Restate the listing below word for word; no picture is to be carried over.

GIVEN MATERIAL:
◇ ◇ ◇ ◇ ◇
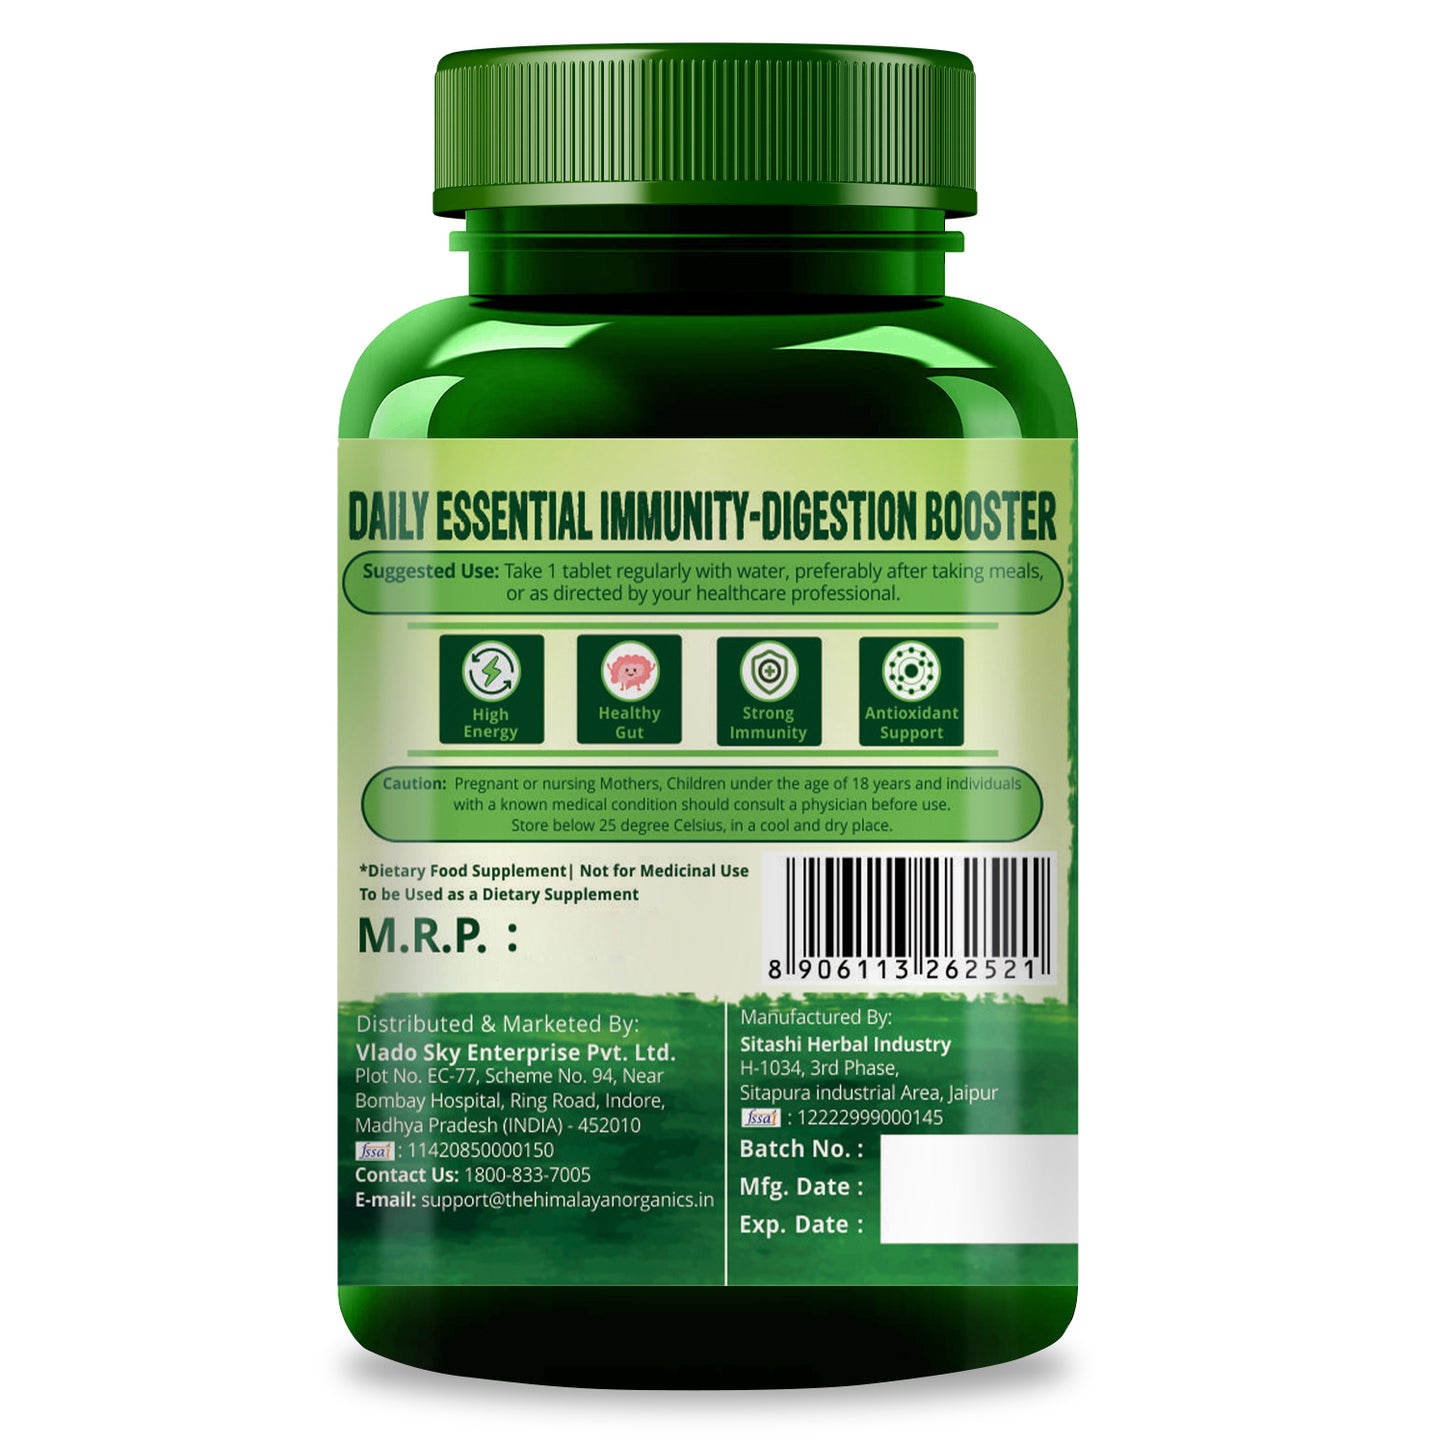 Himalayan Organics Immunity Multivitamin with Probiotics with Vitamin C, D, K2, Zinc, Ginseng, Giloy, Biotin For Men & Women - 180 Veg Tablets
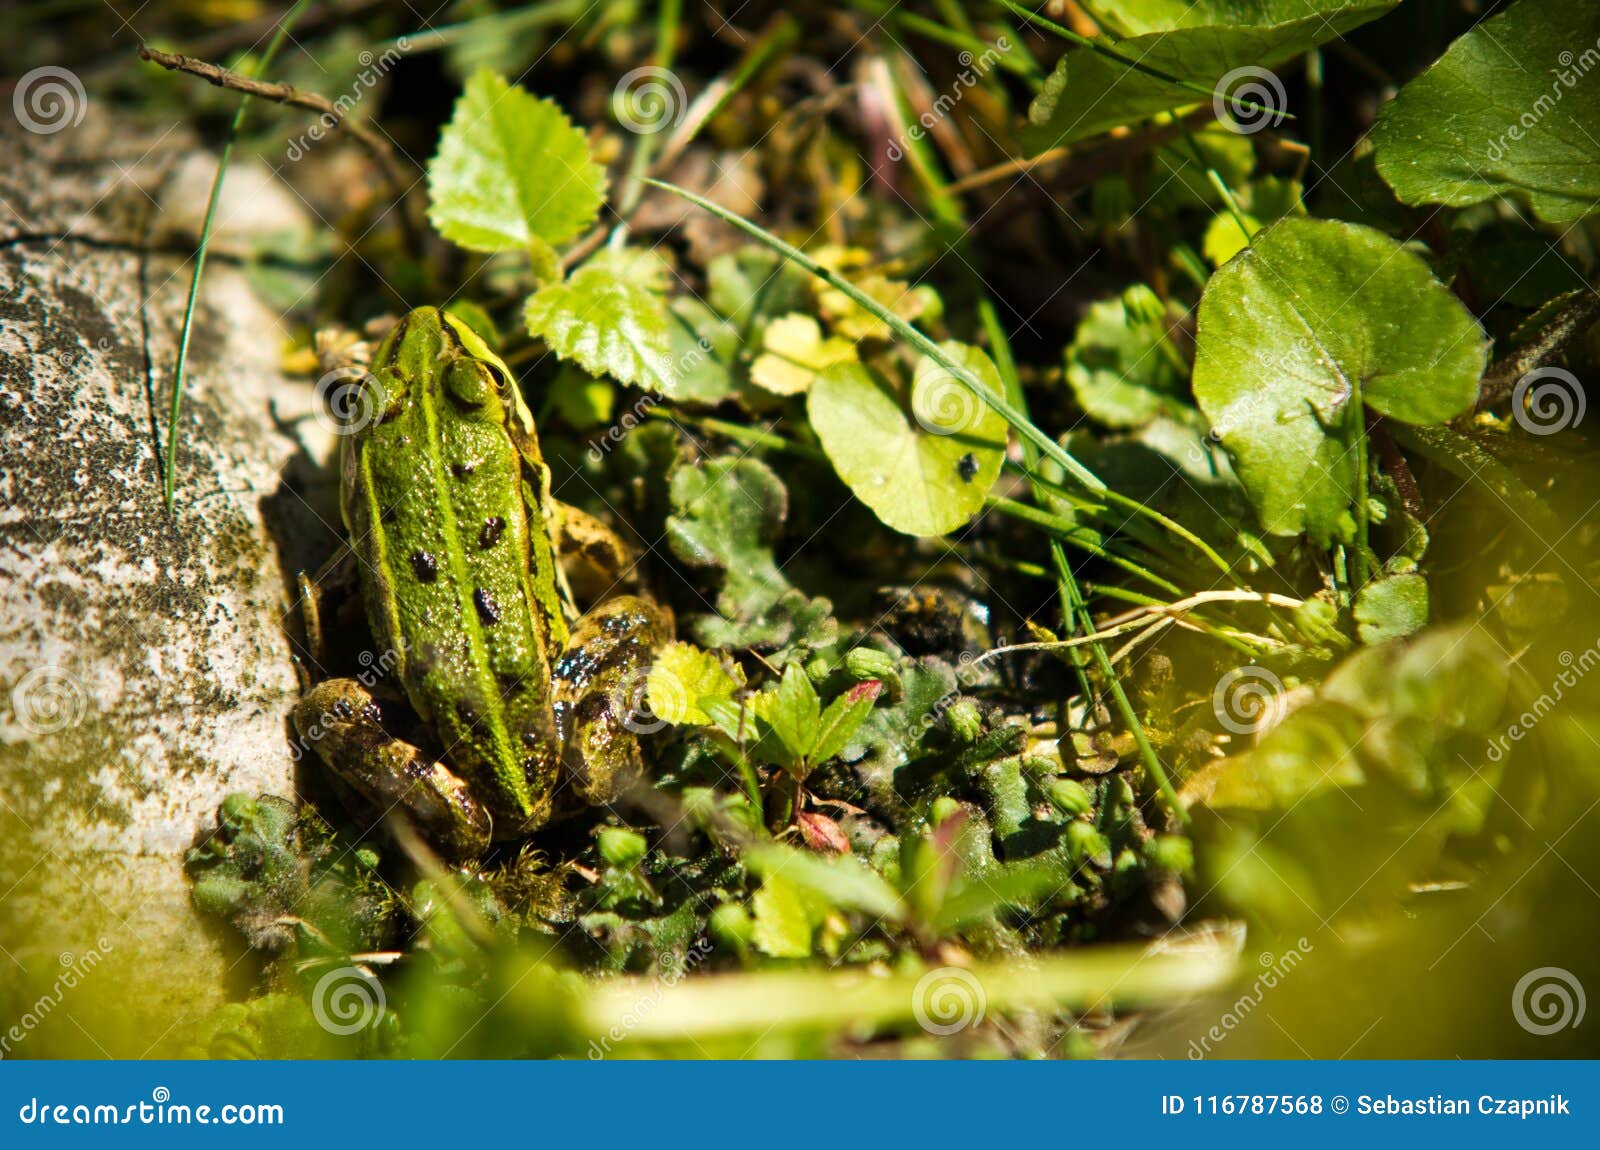 polish fauna: little green frog in pond
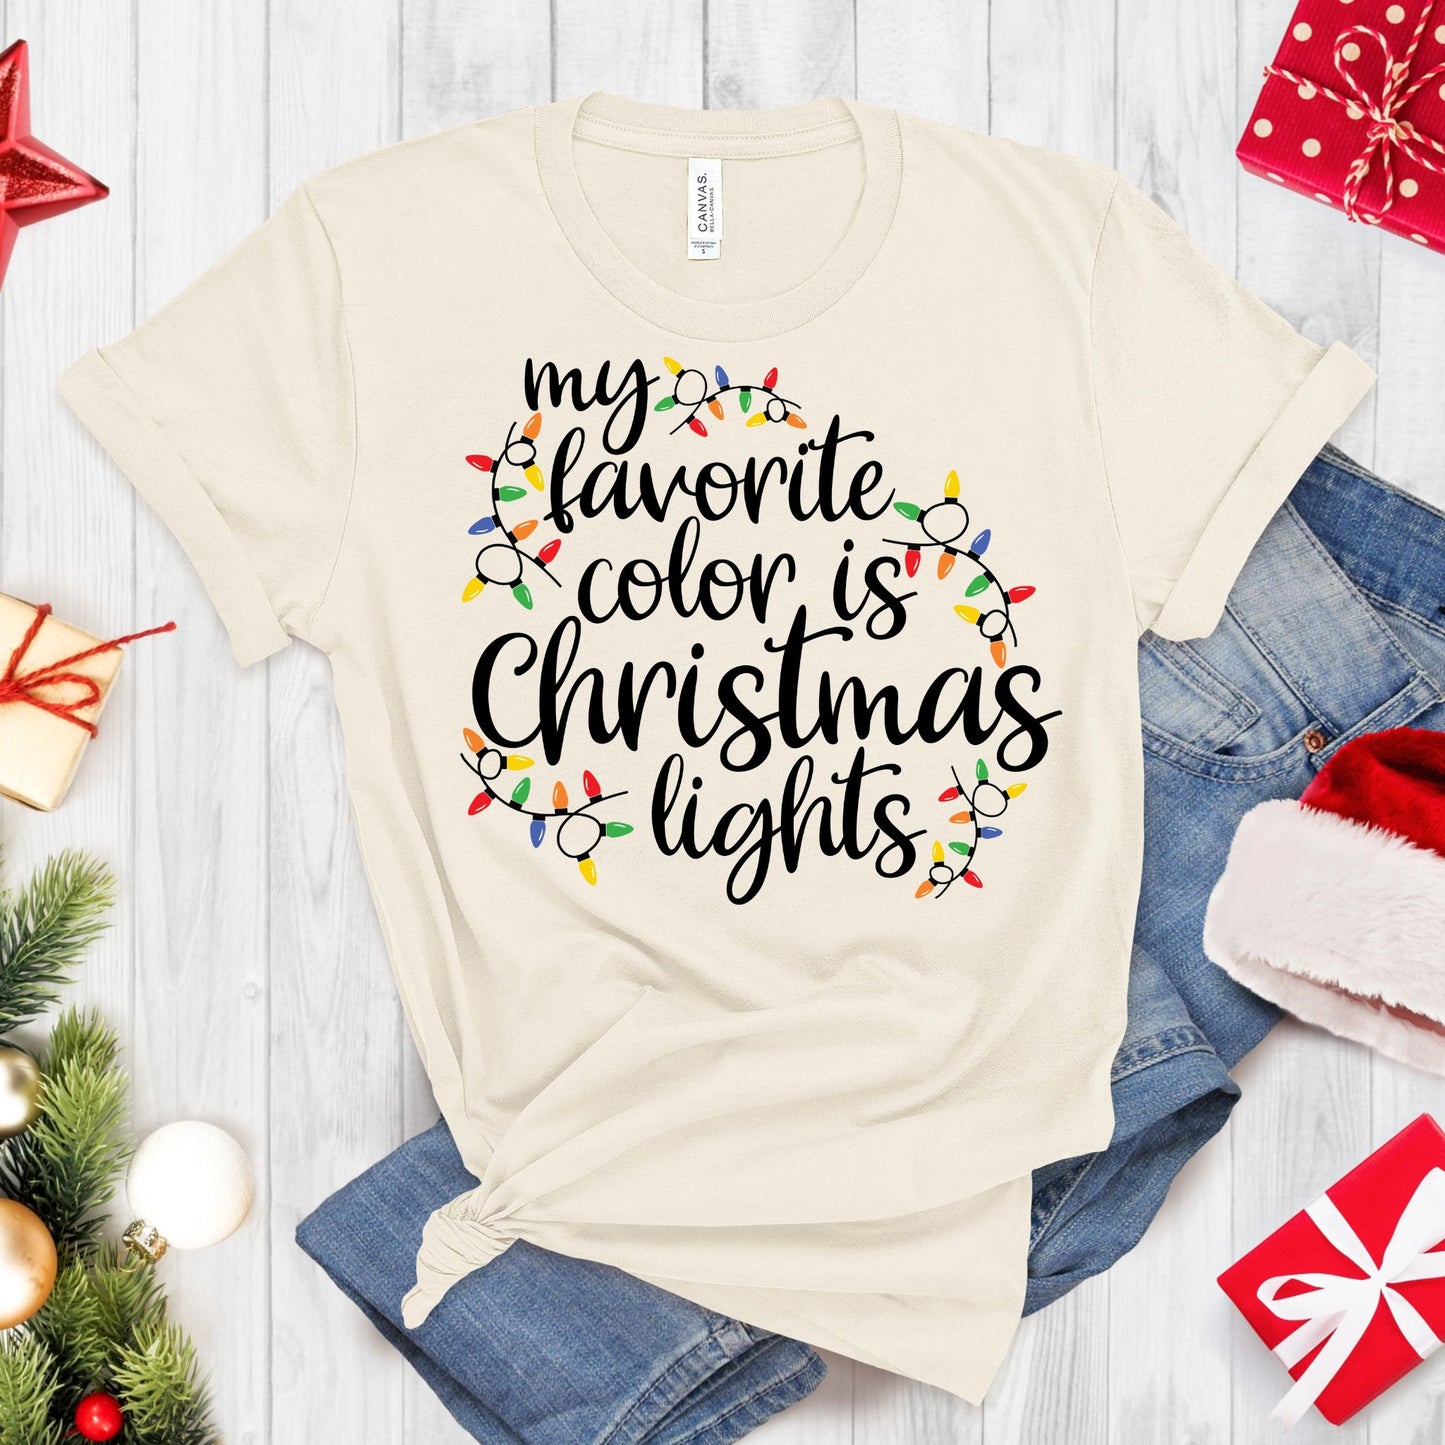 My Favorite Color is Christmas Lights Tee
◇ ◇ ◇ ◇ ◇
SOLUTION TO THE EXERCISE:
 Himalayan Organics Immunity Multivitamin with Probiotics with Vitamin C, D, K2, Zinc, Ginseng, Giloy, Biotin For Men & Women - 180 Veg Tablets
 polish fauna: little green frog in pond
 My Favorite Color is Christmas Lights Tee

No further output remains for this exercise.